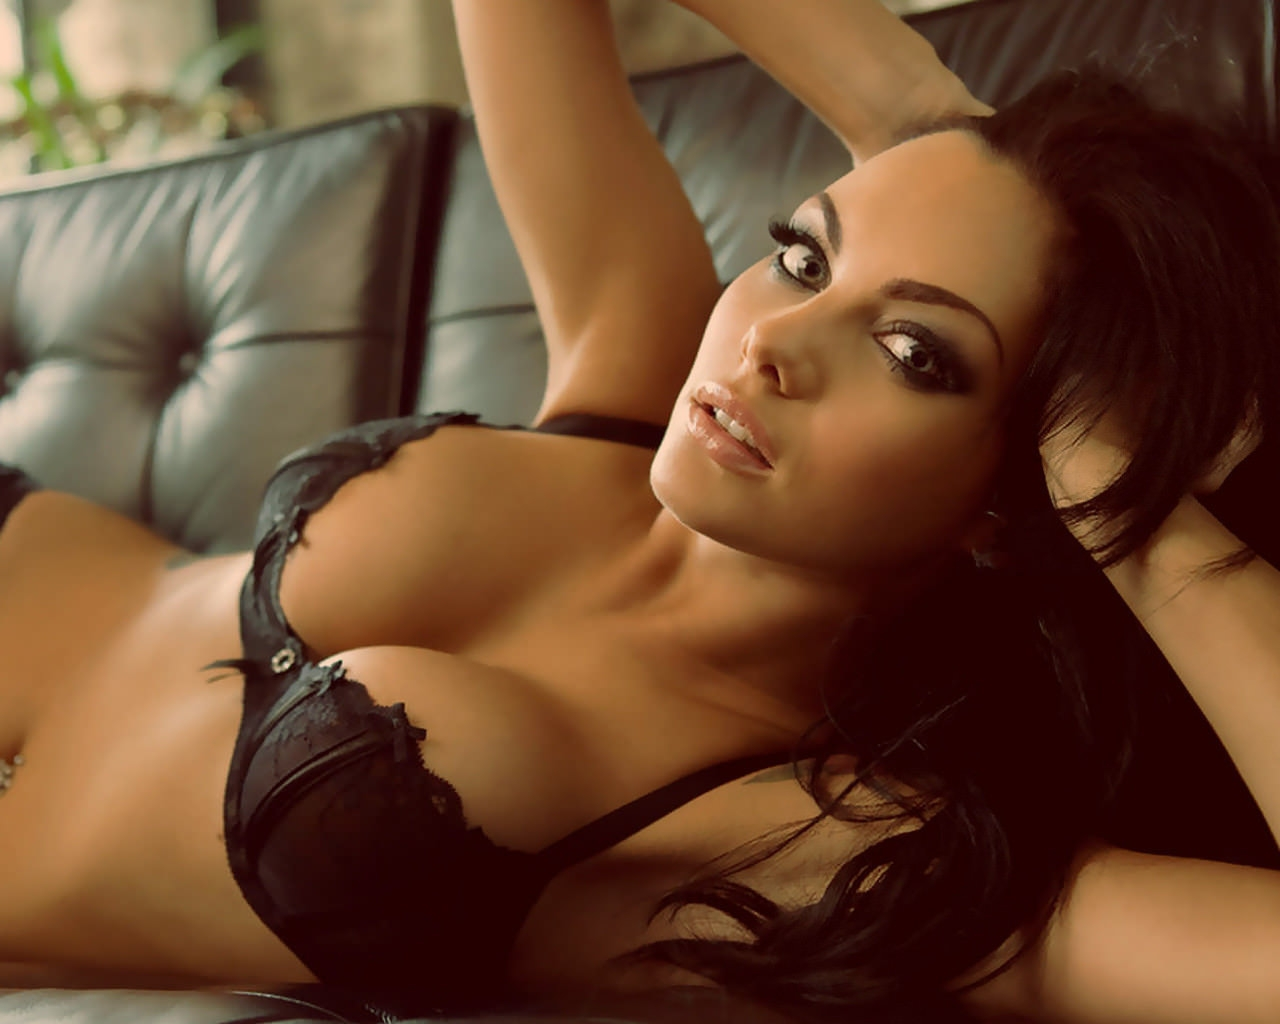 Melissa ordway nude porn pics leaked, xxx sex photos
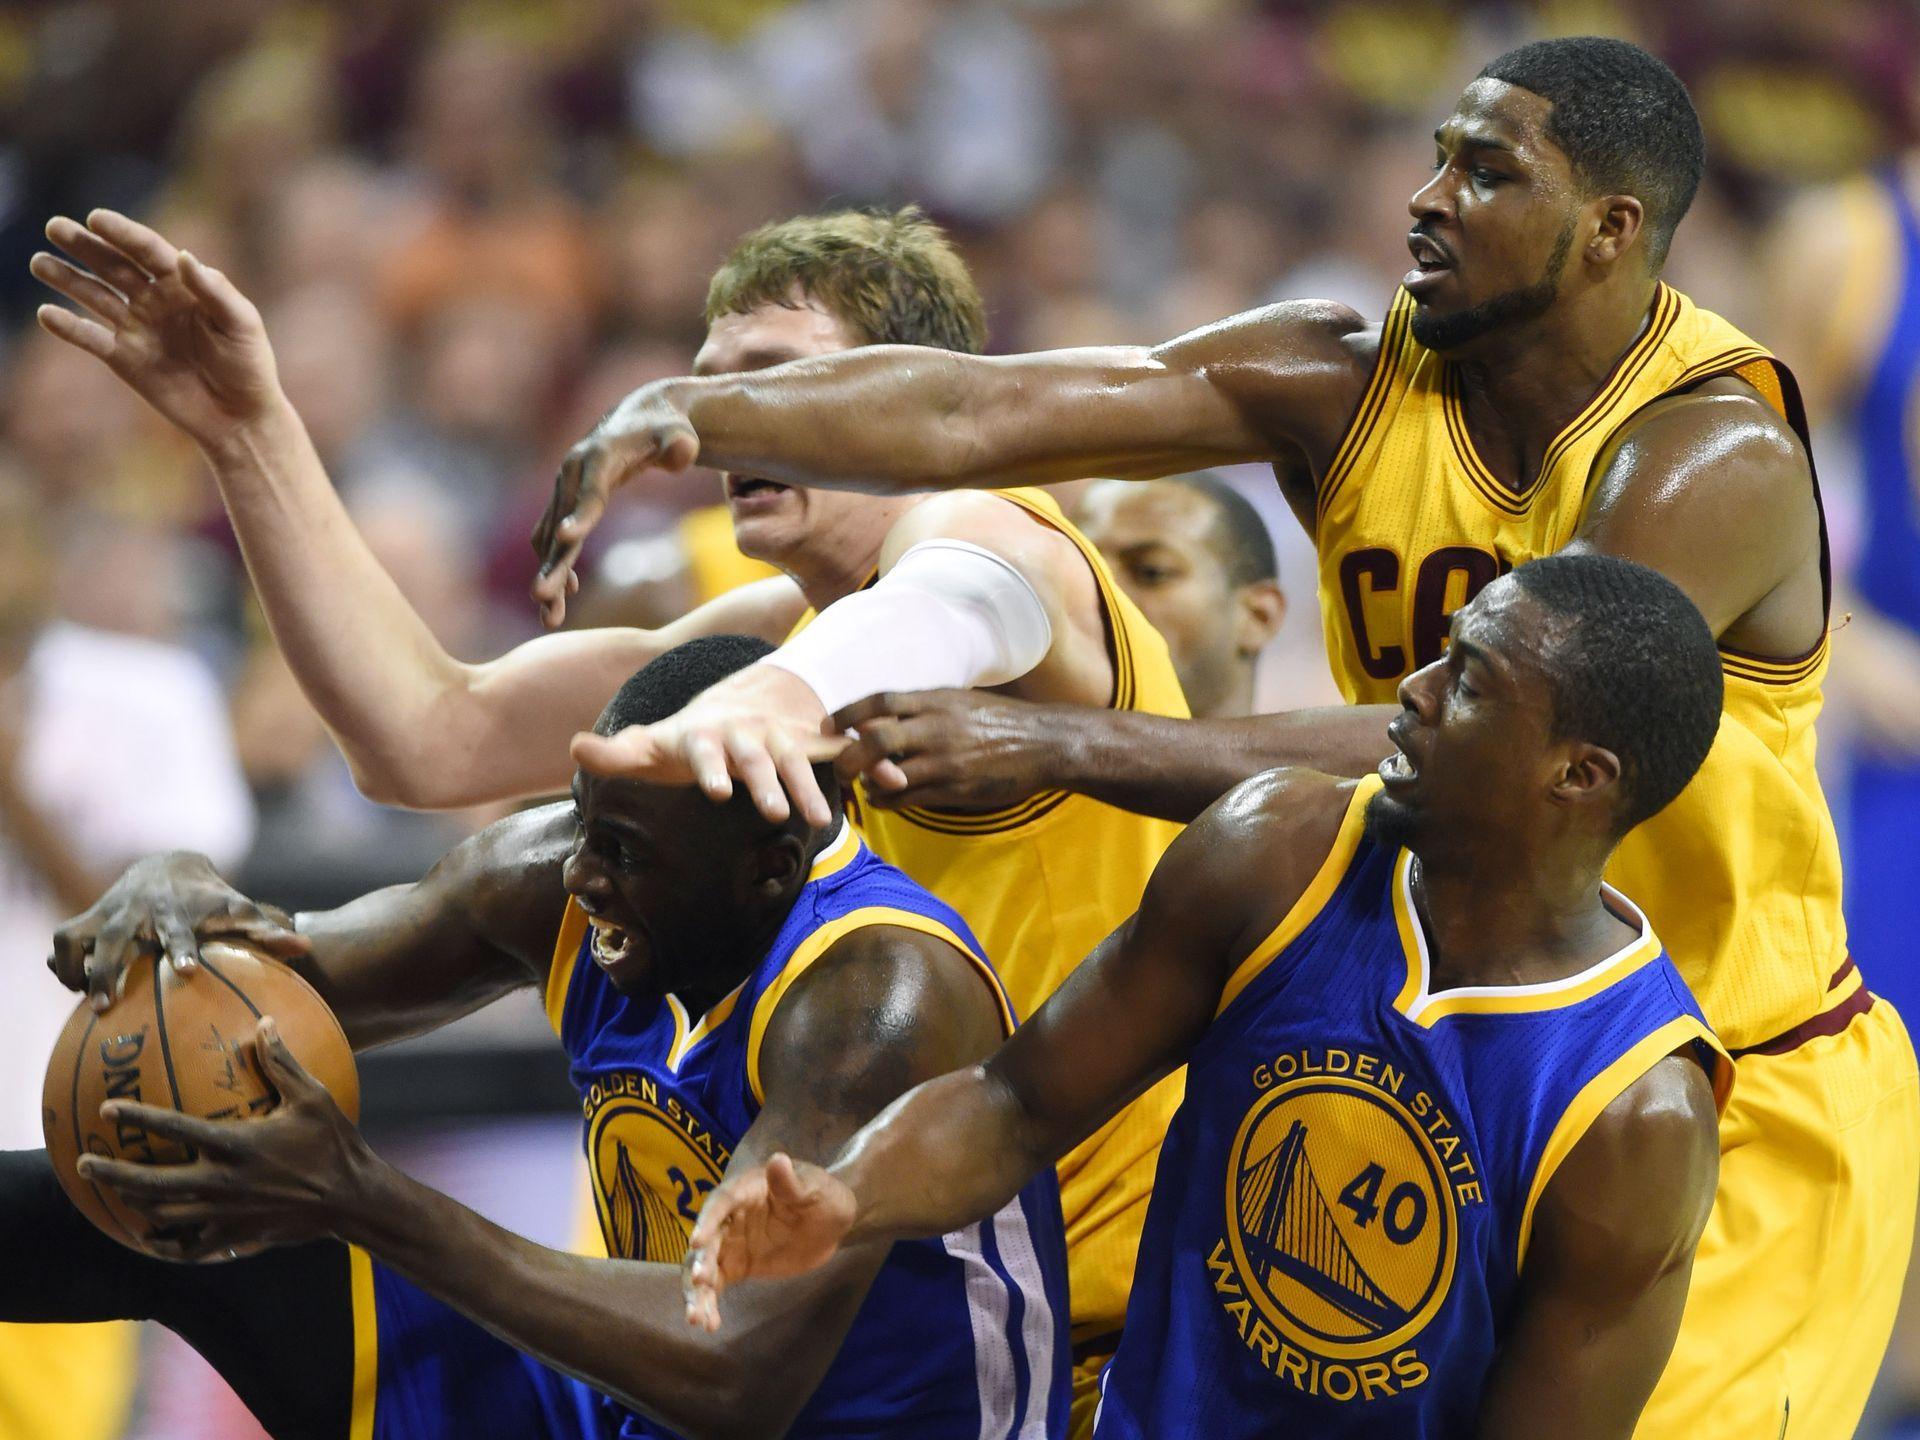 Warriors were best team all season, winning NBA title is
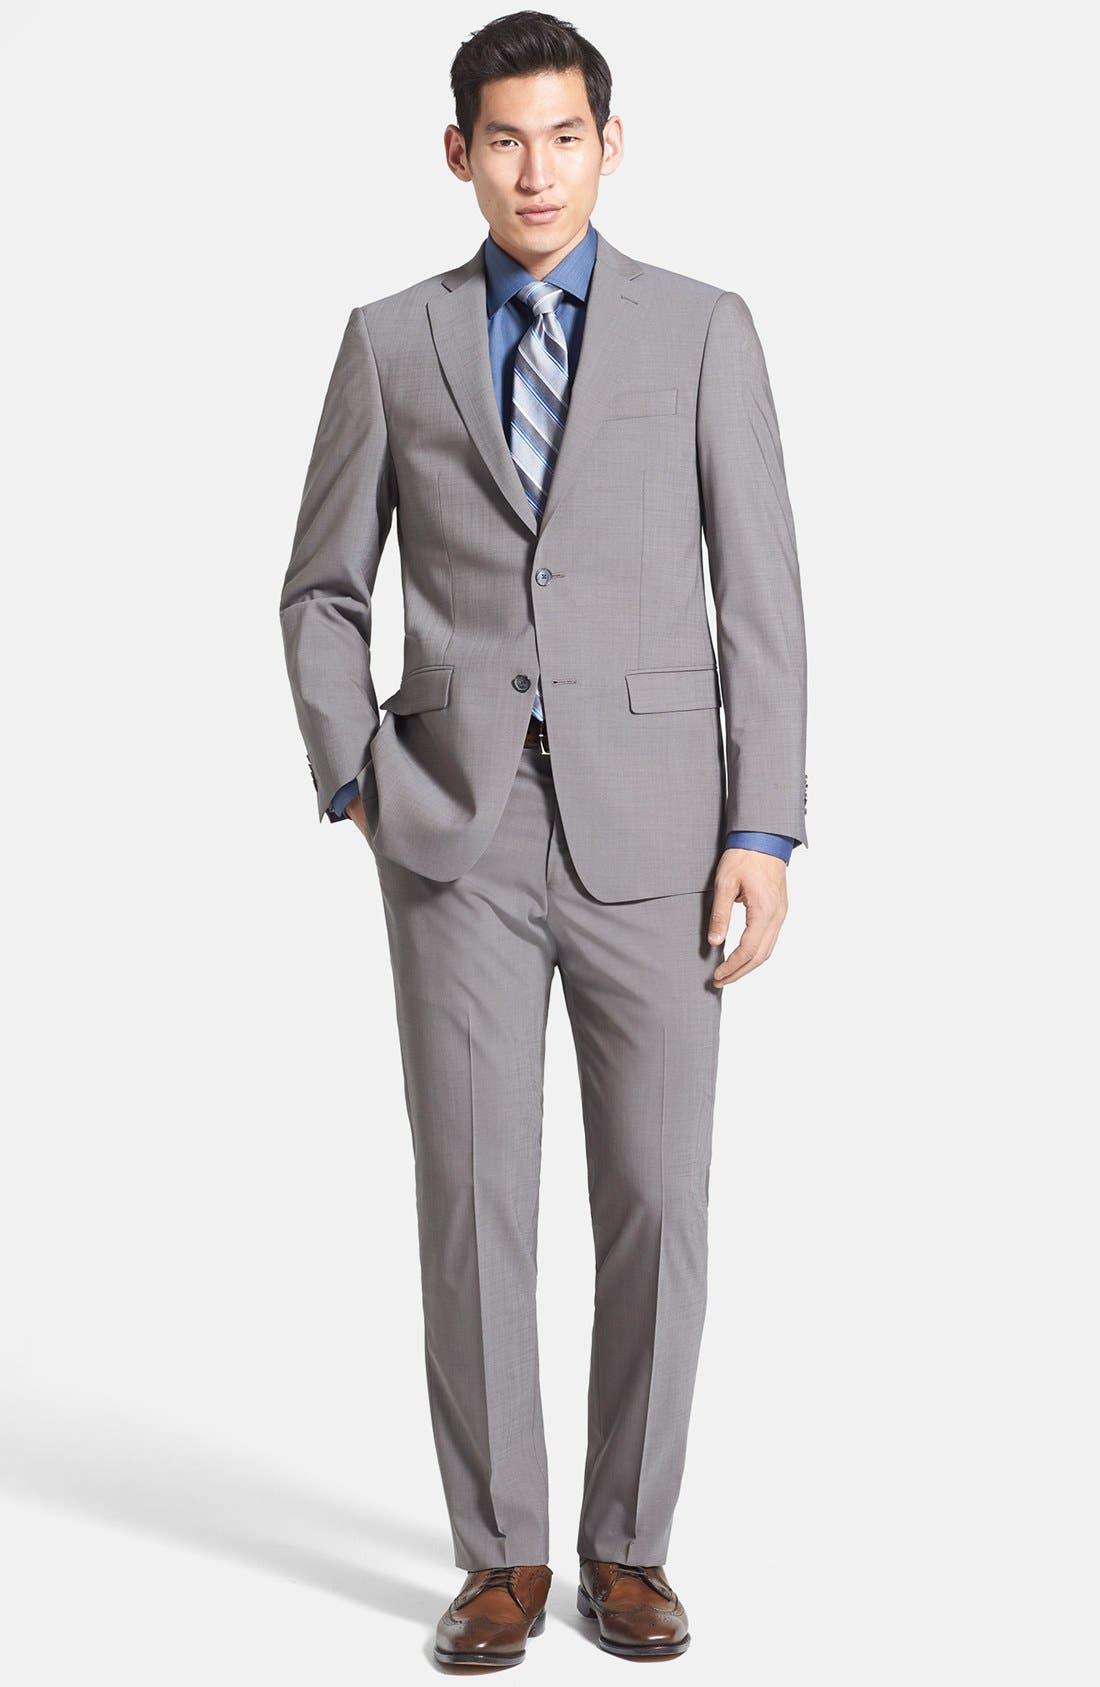 Alternate Image 1 Selected - Michael Kors Trim Fit Stretch Wool Suit

■ Required work ■
Copy the data above line for line, skipping every picture.

■ Written solution ■
 Melissa ordway nude porn pics leaked, xxx sex photos
 Warriors were best team all season, winning NBA title is
 Alternate Image 1 Selected - Michael Kors Trim Fit Stretch Wool Suit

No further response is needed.